A research group at KAIST presented a novel biosensor which can produce diverse, high-level microbial cell factories. The biosensor monitors the concentration of products and even intermediates when new strains are being developed. This strategy provides a new platform for manufacturing diverse natural products from renewable resources. The team succeeded in creating four natural products of high-level pharmaceutical importance with this strategy.
Malonyl-CoA is a major building block for many value-added chemicals including diverse natural products with pharmaceutical importance. However, due to the low availability of malonyl-CoA in bacteria, many malonyl-CoA-derived natural products have been produced by chemical synthesis or extraction from natural resources that are harmful to the environment and are unsustainable. For the sustainable biological production of malonyl-CoA-derived natural products, increasing the intracellular malonyl-CoA pool is necessary. To this end, the development of a robust and efficient malonyl-CoA biosensor was required to monitor the concentration of intracellular malonyl-CoA abundance as new strains are developed.
Metabolic engineering researchers at KAIST addressed this issue. This research reports the development of a simple and robust malonyl-CoA biosensor by repurposing a type III polyketide synthase (also known as RppA), which produces flaviolin, a colorimetric indicator of malonyl-CoA. Subsequently, the RppA biosensor was used for the rapid and efficient colorimetric screening of gene manipulation targets enabling enhanced malonyl-CoA abundance. The screened beneficial gene targets were employed for the high-level production of four representative natural products derived from malonyl-CoA. Compared with the previous strategies, which were expensive and time-consuming, the new biosensor could be easily applied to industrially relevant bacteria including Escherichia coli, Pseudomonas putida, and Corynebacterium glutamicum to enable a one-step process.

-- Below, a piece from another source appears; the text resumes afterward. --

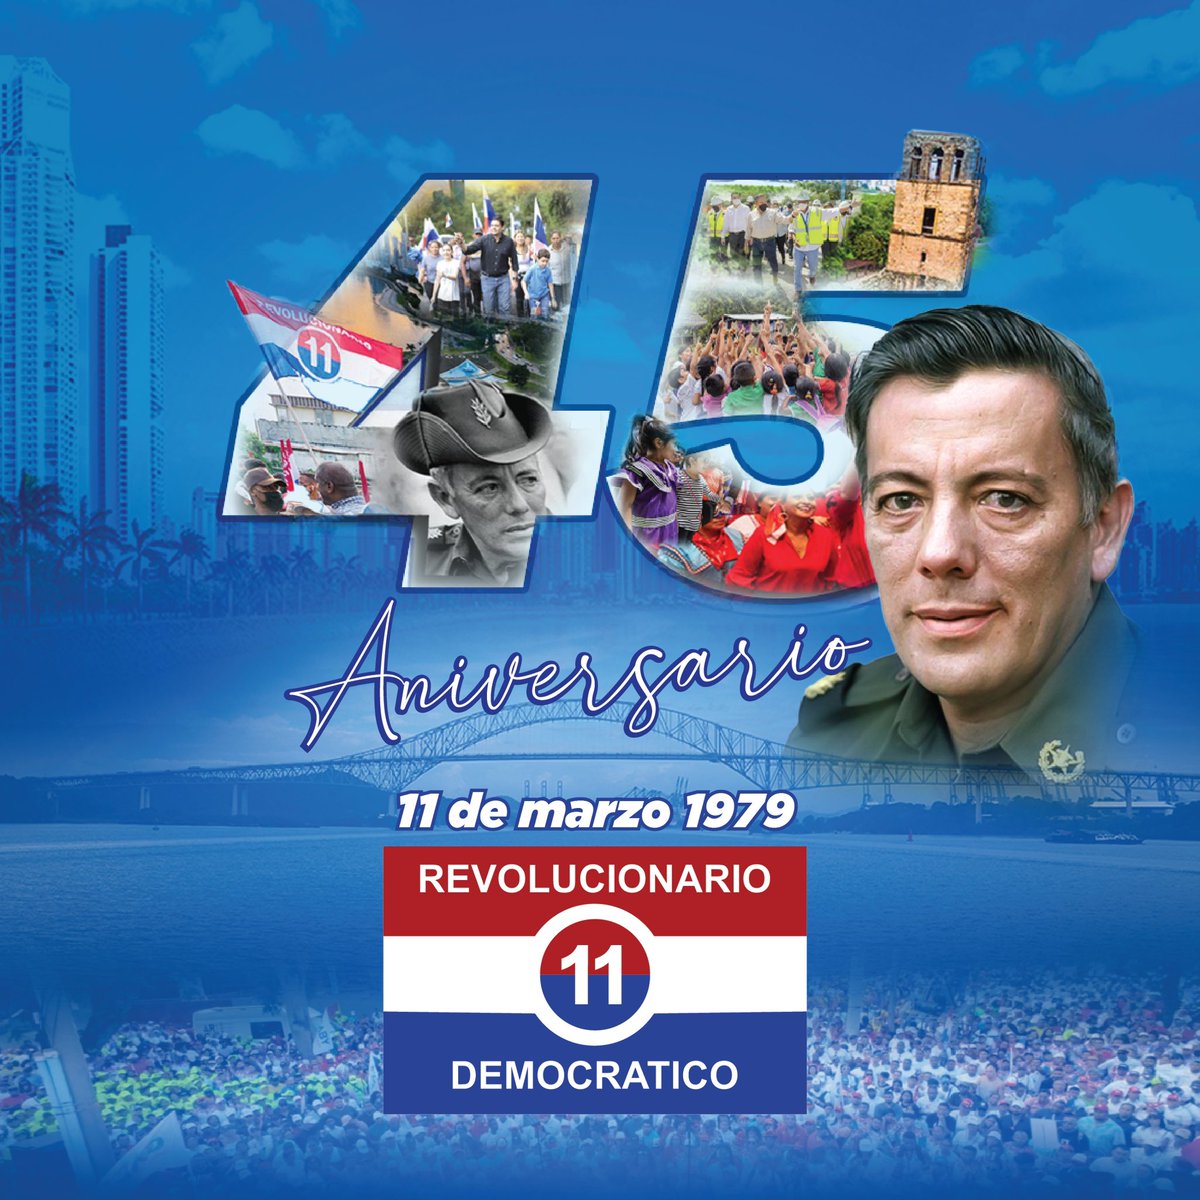 ¡Celebramos con orgullo los 45 años del Partido Revolucionario Democrático! Durante décadas, hemos defendido la soberanía de nuestro país, fortaleciendo nuestra lucha por un Panamá más justo y democrático. ¡Que viva el PRD y que viva Panamá!

The study employs synthetic small regulatory RNA (sRNA) technology to rapidly and efficiently reduce endogenous target gene expression for improved malonyl-CoA production. The researchers constructed an E. coli genome-scale synthetic sRNA library targeting 1,858 genes covering all major metabolic genes in E. coli. This library was employed with the RppA biosensor to screen for gene targets which are believed to be beneficial for enhancing malonyl-CoA accumulation upon their expression knockdown.
From this colorimetric screening, 14 gene targets were selected, all of which were successful at significantly increasing the production of four natural products (6-methylsalicylic acid, aloesone, resveratrol, and naringenin). Although specific examples are demonstrated in E. coli as a host, the researchers showed that the biosensor is also functional in P. putida and C. glutamicum, industrially important representative gram-negative and gram-positive bacteria, respectively. The malonyl-CoA biosensor developed in this research will serve as an efficient platform for the rapid development of strains capable of producing natural products crucial for the pharmaceutical, chemical, cosmetics, and food industries.
An important aspect of this work is that the high-performance strains constructed in this research were developed rapidly and easily by utilizing the simple approach of colorimetric screening, without involving extensive metabolic engineering approaches. 6-Methylsalicylic acid (an antibiotic) could be produced to the highest titer reported for E. coli, and the microbial production of aloesone (a precursor of aloesin, an anti-inflammatory agent/whitening agent) was achieved for the first time.
“A sustainable process for producing diverse natural products using renewable resources is of great interest. This study represents the development of a robust and efficient malonyl-CoA biosensor generally applicable to a wide range of industrially important bacteria. The capability of this biosensor for screening a large library was demonstrated to show that the rapid and efficient construction of high-performance strains is feasible. This research will be useful for further accelerating the development process of strains capable of producing valuable chemicals to industrially relevant levels,” said Distinguished Professor Sang Yup Lee of the Department of Chemical and Biomolecular Engineering, who led the research.